Once the property has been inspected, an appraiser uses the following approaches in determining the value of the real property: 1) the cost approach; 2) the sales comparison approach; and in the case of a rental property, 3) the income approach.

#1: The Cost Approach:

With the cost approach, appraisers uses information on local building costs, labor rates and other factors to determine how much it would cost to construct a property similar to the one being appraised. This value often sets the upper limit on what a property would sell for.
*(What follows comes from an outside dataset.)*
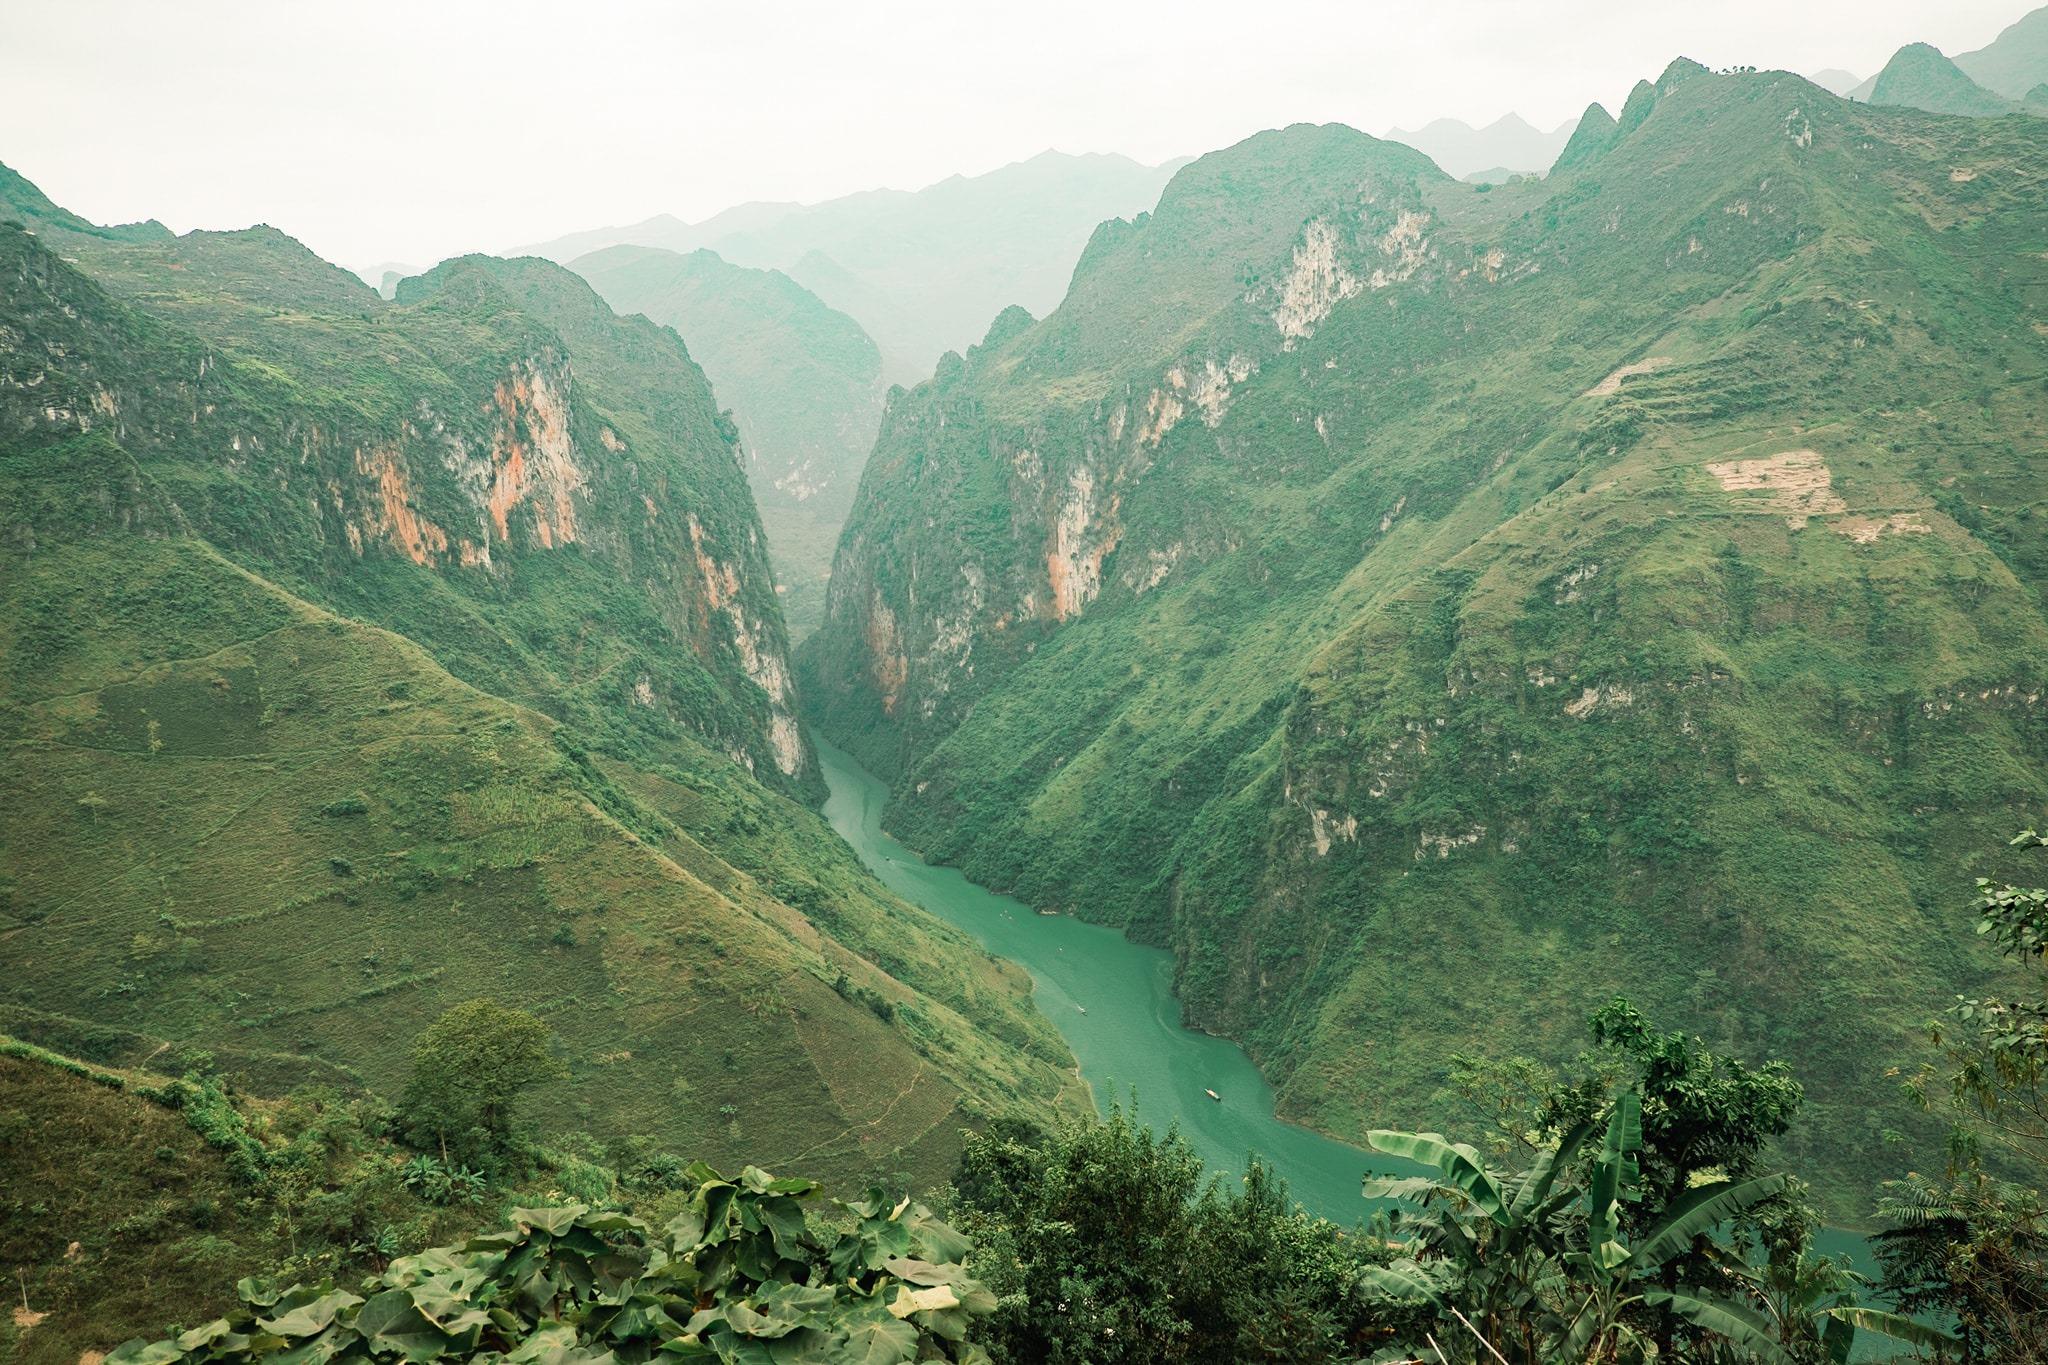 Khám phá Mã Pí Lèng, một trong 'tứ đại đỉnh đèo' của Việt Nam  - Ảnh 8.

#2: The Sales Comparison Approach:

With the sales comparison approach, appraisers get to know the neighborhoods in which they work and understand the value of certain features to the residents of that area. Appraisers know traffic patterns and school zones; and use this information to determine which property attributes will make a difference in the property’s value. Then, the appraiser researches recent sales in the property’s vicinity and finds properties which are ''comparable'' to the subject being appraised. The sales prices of these properties are used as a basis to begin the sales comparison approach. Using knowledge of the value of certain items such as square footage, extra bathrooms, hardwood floors, fireplaces or view lots (just to name a few), the appraiser adjusts the comparable properties to more accurately portray the subject property.

#3: The Income Approach:

With the income approach, appraisers may use a third approach to valuing the property. In this case, the amount of income the property produces in order to arrive at the current value of a property over the foreseeable future.

Property Reconciliation

Combining information from all approaches, appraisers are ready to put together an estimated market value for the property. It is important to note that while this amount is probably the best indication of a property’s worth, it may not be the final sales price. There are always mitigating factors such as seller motivation, urgency and/or ''bidding wars'' that may adjust the final price up or down. However, the appraised value is often used as a guideline for lenders who may not want to loan a buyer more money than the property is actually worth.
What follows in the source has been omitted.